Field NameTypeExampleDescriptionRequired
typetextCHAT_WITH_IMAGEFeature identifier✔️
modeltextgpt-4oAI model to use✔️
conversationIdtextimage-analysis-123Unique conversation identifier✔️
promptObject.promptstringWhat do you see in this image?Your message or question✔️
promptObject.imageListarray["image1.jpg", "image2.png"]Array of uploaded image keys✔️
promptObject.isMixedbooleanfalseEnable mixed conversation mode✖️
promptObject.webSearchbooleanfalseEnable web search for enhanced responses✖️
promptObject.numOfSitenumber5Number of sites to search (if webSearch enabled)✖️
promptObject.maxWordnumber1000Max words per site (if webSearch enabled)✖️

Parameter Details

imageList: Array of image keys obtained from uploading images via the Asset API. Images should be in PNG, JPEG, or WebP format.

conversationId: Unique identifier for the conversation.

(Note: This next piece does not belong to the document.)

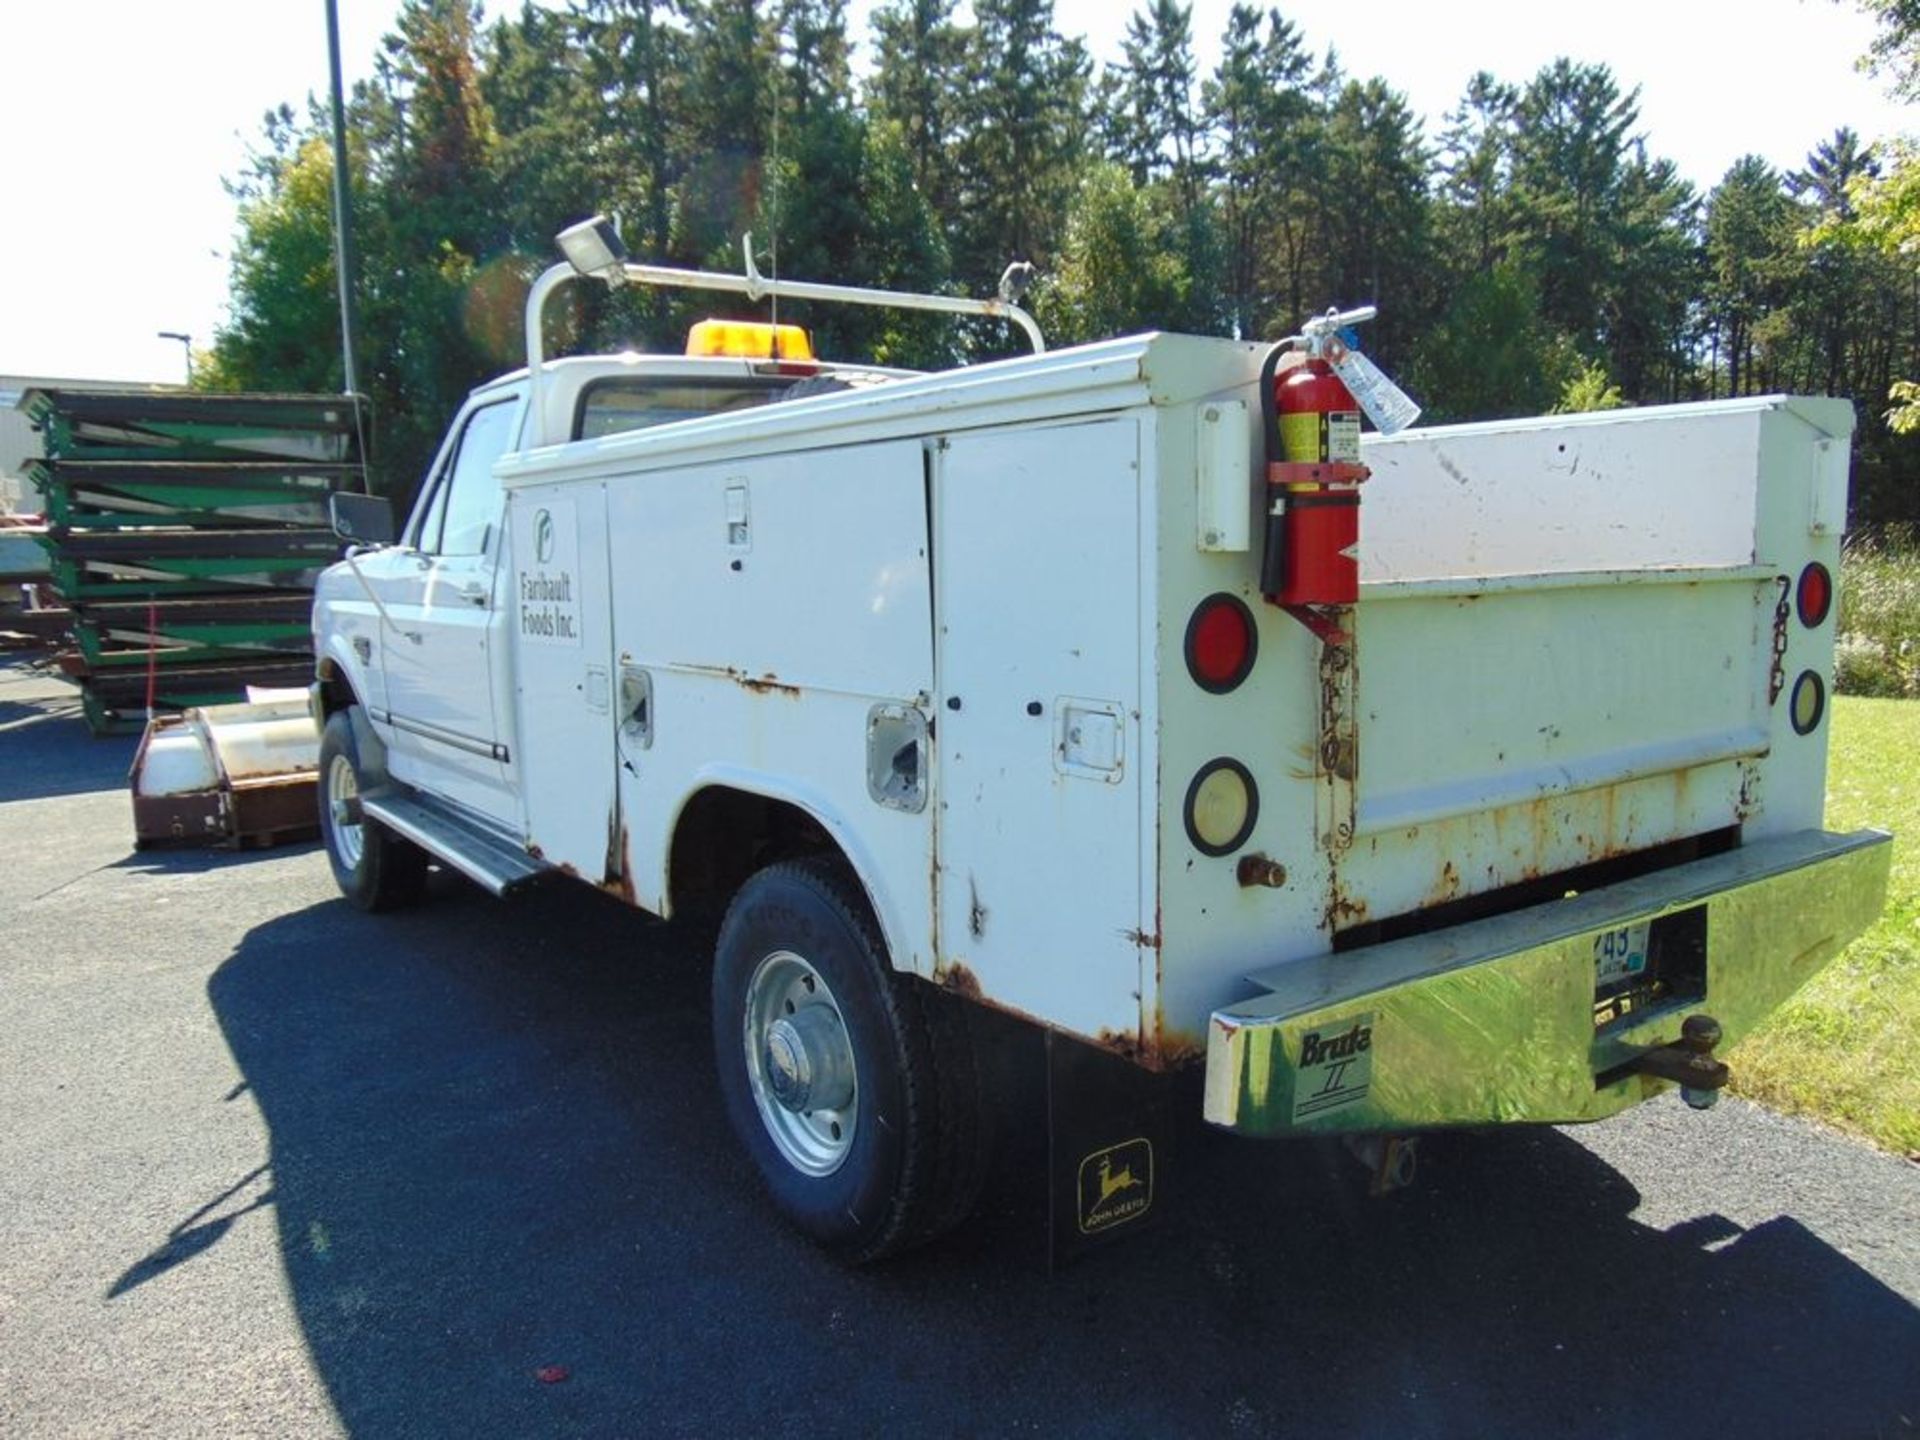 (1997) Ford mod.. F-350XLT Utility Truck w/ Plow 4x4, Miles: 98,792; Lic: E1243; - Image 2 of 5

Use the same ID to continue an existing conversation or create a new one for each new chat session.

isMixed: When enabled, allows mixing different models within the same conversation thread.

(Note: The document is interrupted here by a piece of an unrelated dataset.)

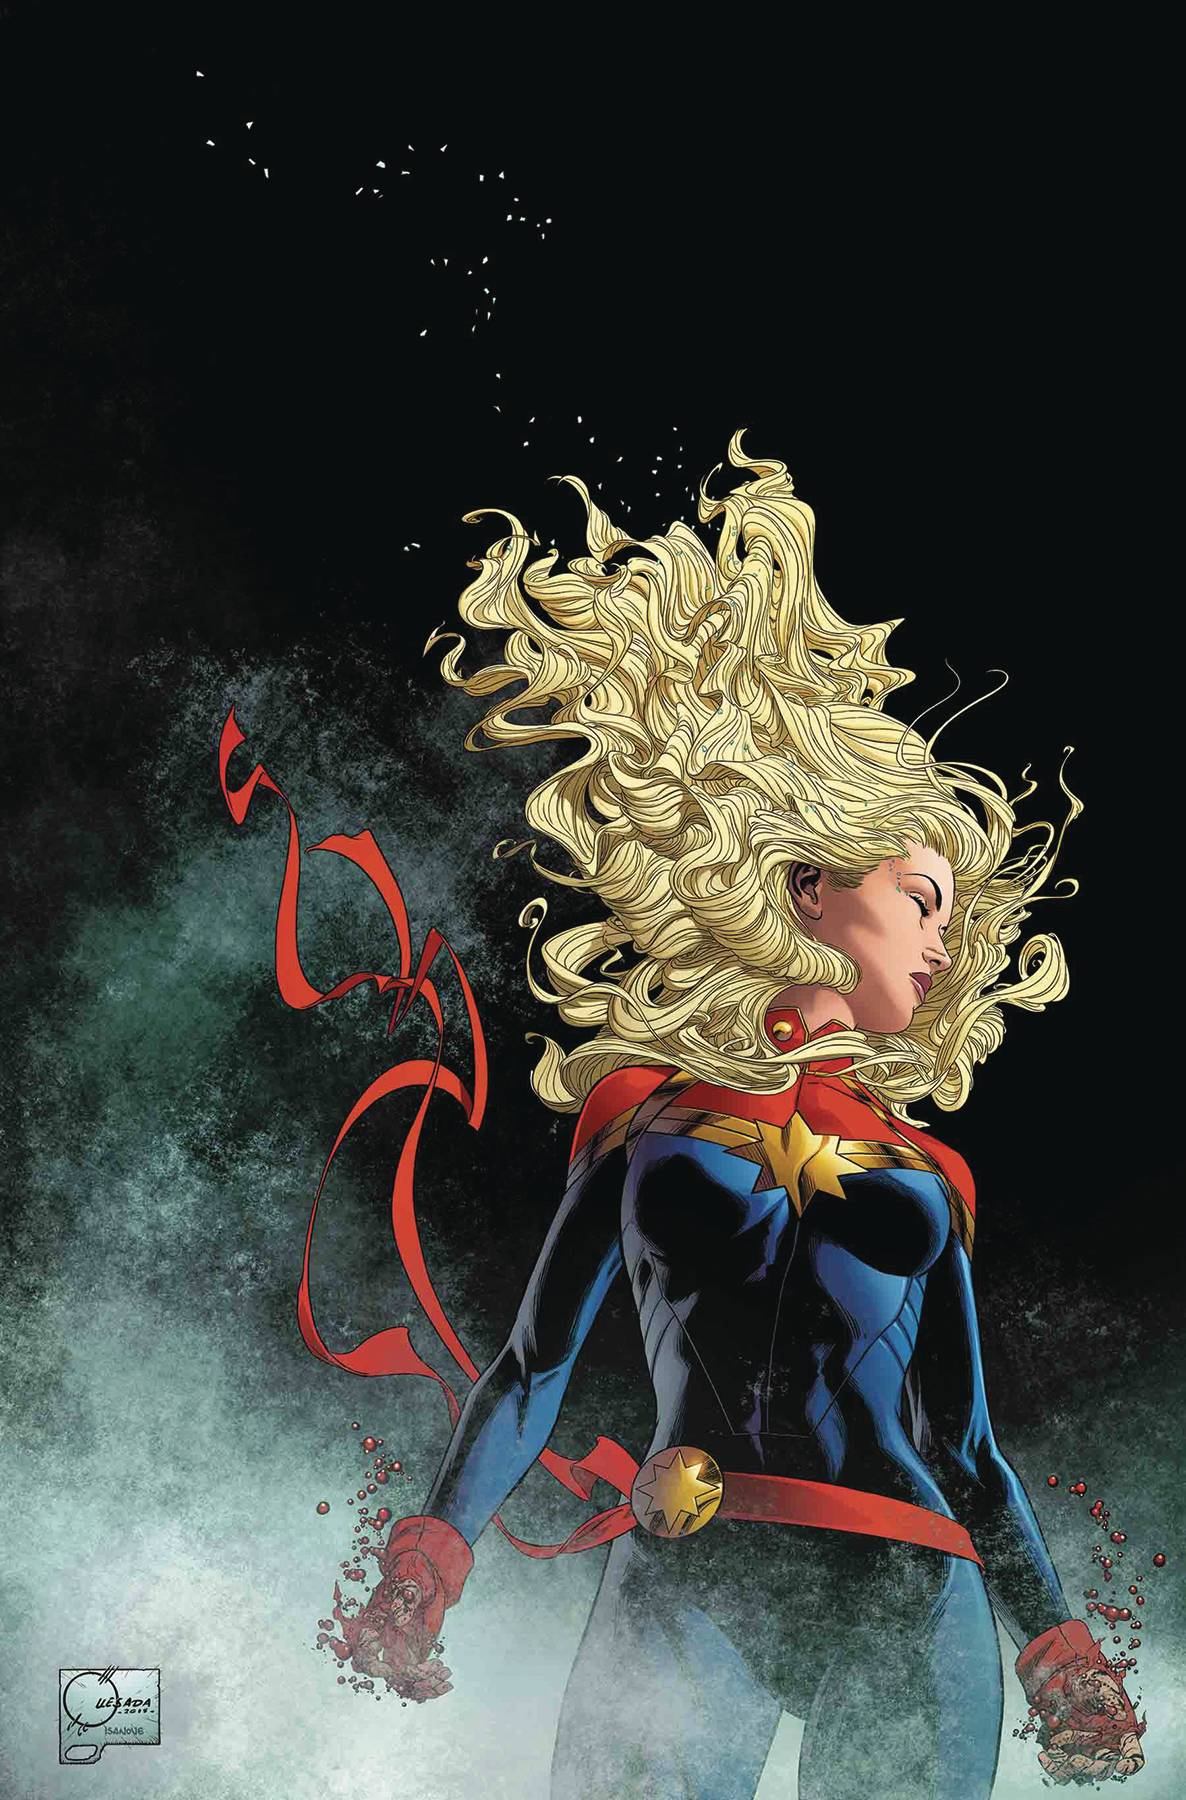 Life of Captain Marvel #3 by Quesada Poster

webSearch: Enables real-time web search to enhance responses with current information related to the image content.

Endpoint

Request Headers

FieldValue
API-KEY<api-key>
Content-Typeapplication/json

Code Example

curl --location 'https://api.1min.ai/api/features' \
--header 'API-KEY: <api-key>' \
--header 'Content-Type: application/json' \
--data '{
"type": "CHAT_WITH_IMAGE",
"model": "gpt-4o",
"conversationId": "image-analysis-session-1",
"promptObject": {
"prompt": "What do you see in this image? Please describe the scene in detail.",
"imageList": ["uploads/images/photo-123.jpg"],
"isMixed": false,
"webSearch": false,
"numOfSite": 3,
"maxWord": 500
}
}'

Interactive Playground

API Playground

https://api.1min.ai/api/features

Generated cURL Command:

curl -X POST "https://api.1min.ai/api/features" \
-H "API-KEY: <your-api-key>" \
-H "Content-Type: application/json" \
-d '{
"type": "CHAT_WITH_IMAGE",
"model": "gpt-4o",
"conversationId": "image-analysis-session-1",
"promptObject": {
"prompt": "What do you see in this image? Please describe the scene in detail.",
"imageList": [
"uploads/images/photo-123.jpg"
],
"isMixed": false,
"webSearch": false,
"numOfSite": 3,
"maxWord": 500
}
}'

Response Format

{
"status": "success",
"message": "Streaming response will be returned",
"data": {
"conversationId": "image-analysis-session-1",
"aiRecordId": "record-123",
"streamingUrl": "/api/features/stream/record-123"
}
}

Conversation Examples

Basic Image Description

{
"type": "CHAT_WITH_IMAGE",
"model": "gpt-4o",
"conversationId": "photo-analysis-1",
"promptObject": {
"prompt": "Describe this image in detail",
"imageList": ["landscape-photo.jpg"]
}
}

Multiple Images Comparison

{
"type": "CHAT_WITH_IMAGE",
"model": "claude-3-5-sonnet-20240620",
"conversationId": "comparison-session",
"promptObject": {
"prompt": "Compare these two images and tell me the differences",
"imageList": ["image1.jpg", "image2.jpg"]
}
}
{
"type": "CHAT_WITH_IMAGE",
"model": "gemini-1.5-pro",
"conversationId": "research-session",
"promptObject": {
"prompt": "What building is this and what's its historical significance?",
"imageList": ["building-photo.jpg"],
"webSearch": true,
"numOfSite": 5,
"maxWord": 1000
}
}

Best Practices

  1. Image Quality: Use clear, high-resolution images for better analysis results
  2. Specific Questions: Ask specific questions to get more detailed and relevant responses
  3. Context: Provide context about what you're looking for in the image
  4. Conversation Flow: Use the same conversationId to maintain context across multiple exchanges
  5. Model Selection: Choose models based on your needs:
    • GPT-4o: Best overall performance for detailed analysis
    • Gemini: Excellent for large context and multiple images
    • Claude: Great for creative and detailed descriptions
    • Mini models: Cost-effective for simple questions

Error Handling

Common error scenarios:

  • Invalid image format: Ensure images are in PNG, JPEG, or WebP format
  • Image too large: Resize images if they exceed size limits
  • Missing images: Verify that imageList contains valid uploaded image keys
  • Model limitations: Some models may have specific image size or format requirements

Authentication

This endpoint requires an API key to be provided in the API-KEY header.